Puoi cliccare su qualsiasi punto del grafico per saltare a quella mossa. Visualizzazione interattiva dei dati che incontra l’analisi scacchistica. Ha persino tooltip personalizzati e linee di riferimento che segnano le fasi della partita (apertura → mediogioco → finale).
DataTable
Sezione intitolata “DataTable”Tramite la libreria mantine-datatable — una tabella dati completa con ordinamento, paginazione, selezione delle righe e filtraggio. Alimenta la lista delle partite, la lista dei giocatori e la lista dei tornei del browser del database. È un foglio di calcolo che sa di essere in un’app di scacchi.
Quelle invisibili
Sezione intitolata “Quelle invisibili”Alcune primitive non renderizzano nulla di visibile da sole, ma fanno funzionare tutto il resto:
- MantineProvider — avvolge l’intera app e fornisce il tema (colori, modalità scura, valori predefiniti dei componenti)

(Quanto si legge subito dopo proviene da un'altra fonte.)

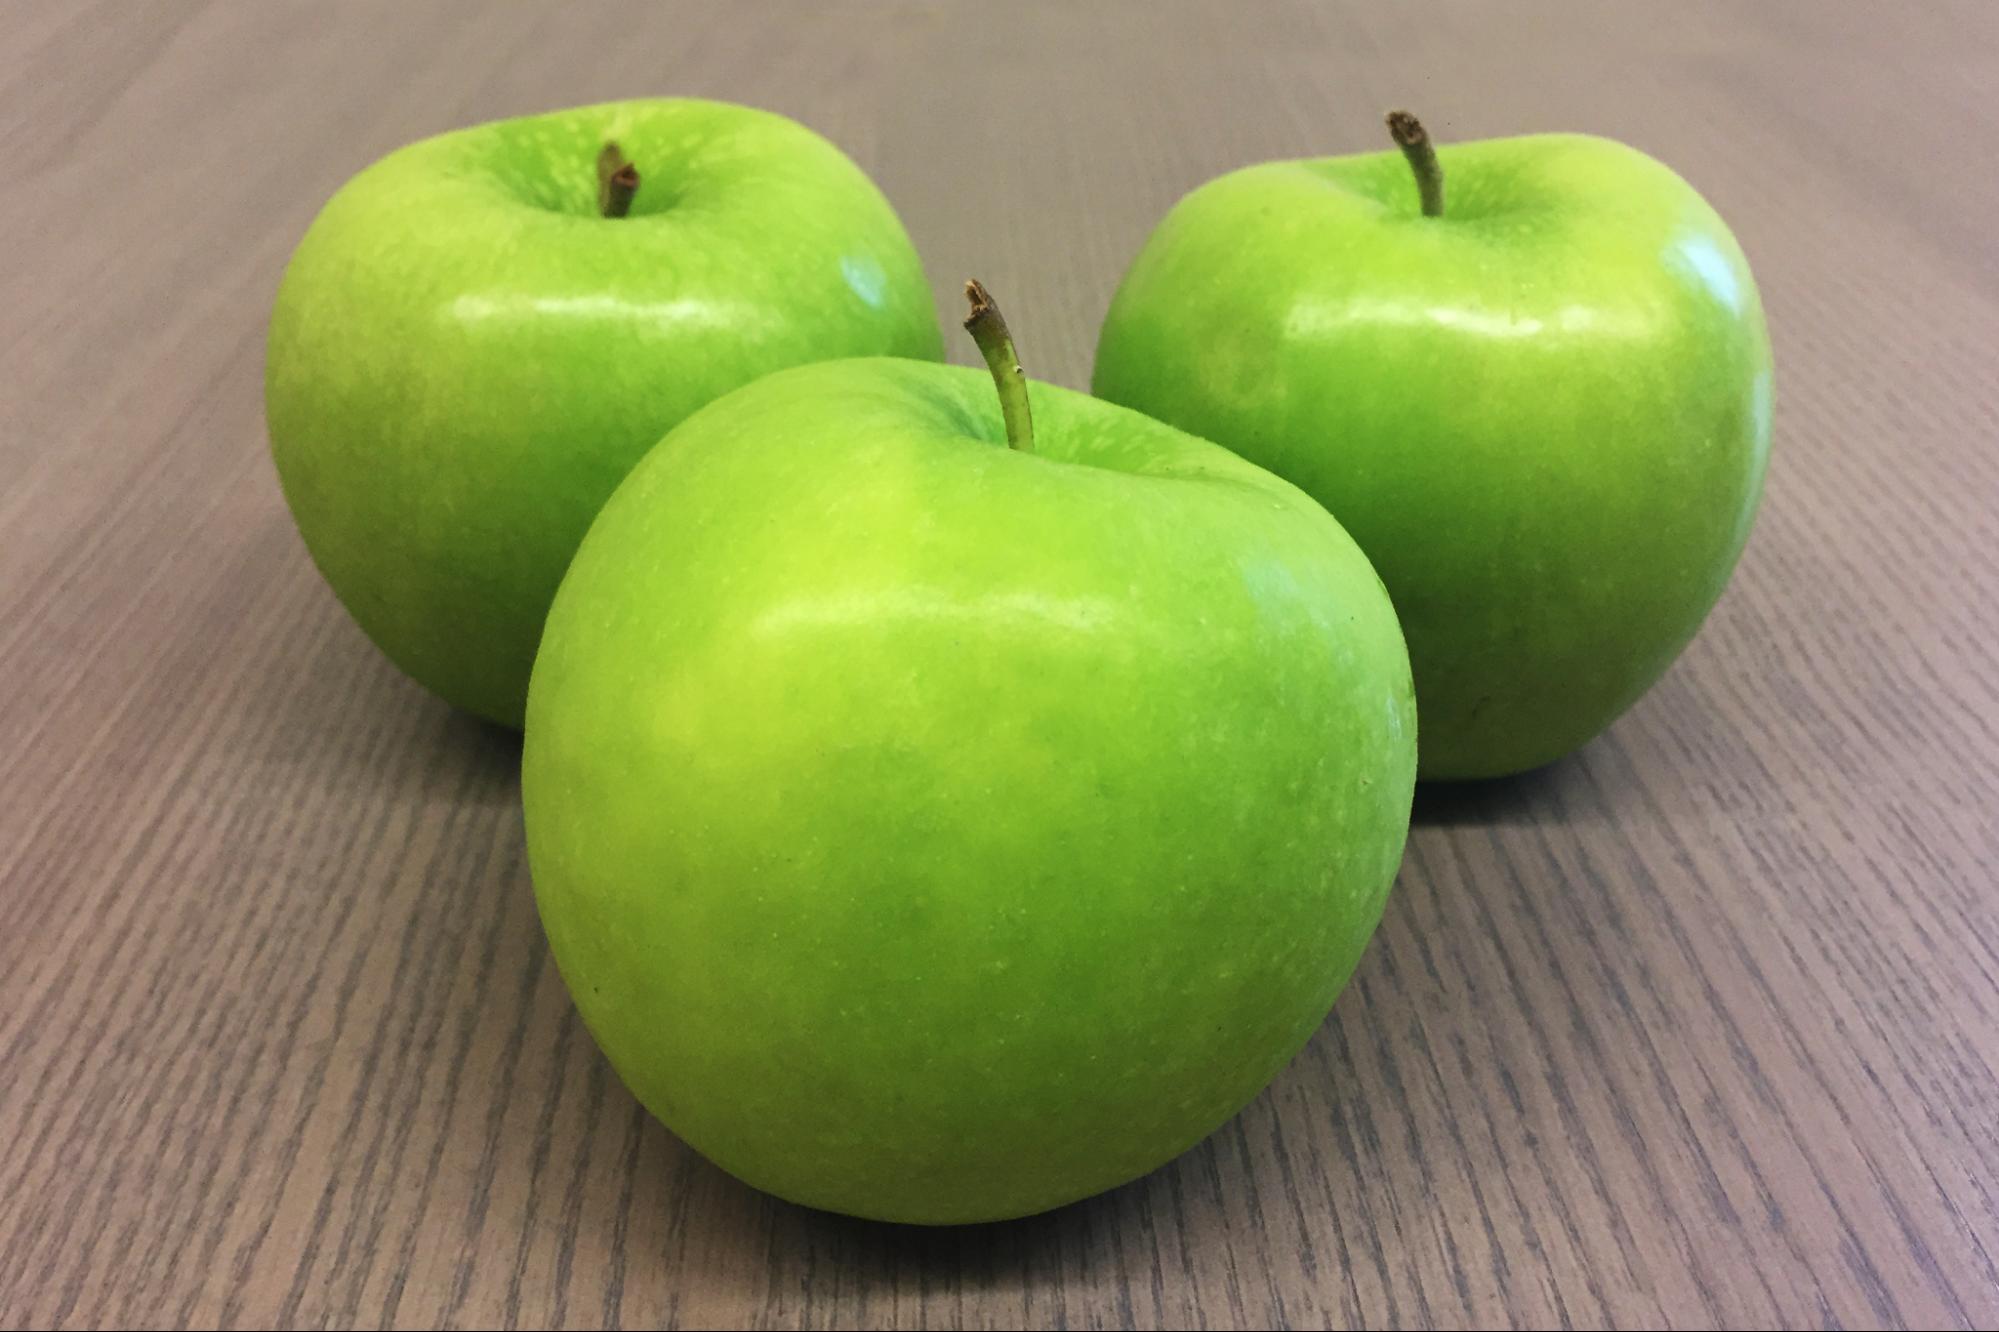 green apple varieties

- Portal — teletrasporta il contenuto renderizzato in una parte diversa del DOM
- useHotkeys — un hook (non un componente) che collega le scorciatoie da tastiera
- useForm — gestisce lo stato dei moduli, la validazione e la gestione degli errori
- useDebouncedValue — aspetta che tu smetta di digitare prima di lanciare una ricerca. L’hook educato.
L’inventario completo
Sezione intitolata “L’inventario completo”Per riferimento, ecco ogni famiglia di primitive usata in En Parlant~, raggruppata per funzione:
| Categoria | Primitive |
|---|---|
| Layout | AppShell, Box, Center, Flex, Group, Stack, SimpleGrid, ScrollArea, Portal |
| Superfici | Card, Paper |
| Overlay | Modal, Tooltip, Popover, Menu, ContextMenu, LoadingOverlay |
| Notifiche | Toast (tramite @mantine/notifications) |
| Pulsanti | Button, ActionIcon, CloseButton, ThemeIcon |
| Input | TextInput, Textarea, NumberInput, Select, Autocomplete, Checkbox, Switch, Slider, RangeSlider, SegmentedControl, FileInput, DateInput, MonthPickerInput, YearPickerInput |
| Visualizzazione dati | Table, DataTable, Badge, Code, Kbd, Rating, Image |
| Tipografia | Text, Title, Anchor |
| Progresso | Progress, Loader, Skeleton |
| Struttura | Divider, Collapse |
| Contenuti ricchi | RichTextEditor (TipTap), AreaChart (Recharts) |
| Temi | MantineProvider, createTheme, useColorScheme |
| Hook | useForm, useHotkeys, useToggle, useDebouncedValue, useClickOutside, useElementSize |
Tutto proviene da Mantine v8 e dai suoi pacchetti dell’ecosistema: @mantine/core, @mantine/notifications, @mantine/dates, @mantine/charts, @mantine/form, @mantine/tiptap, mantine-datatable e mantine-contextmenu.
Ora lo sai
Sezione intitolata “Ora lo sai”La prossima volta che vedi un piccolo messaggio scorrere dall’angolo dello schermo — quello è un toast. Il rettangolo attorno a un’anteprima di partita — quella è una card. Le sagome grigie che tremolano prima che il contenuto si carichi — quelli sono skeleton.
Una volta che impari i nomi, inizi a vederli ovunque. In ogni app. In ogni sito web. Le stesse due dozzine di primitive, riorganizzate in mille modi diversi.
Sono mattoncini Lego, fino in fondo.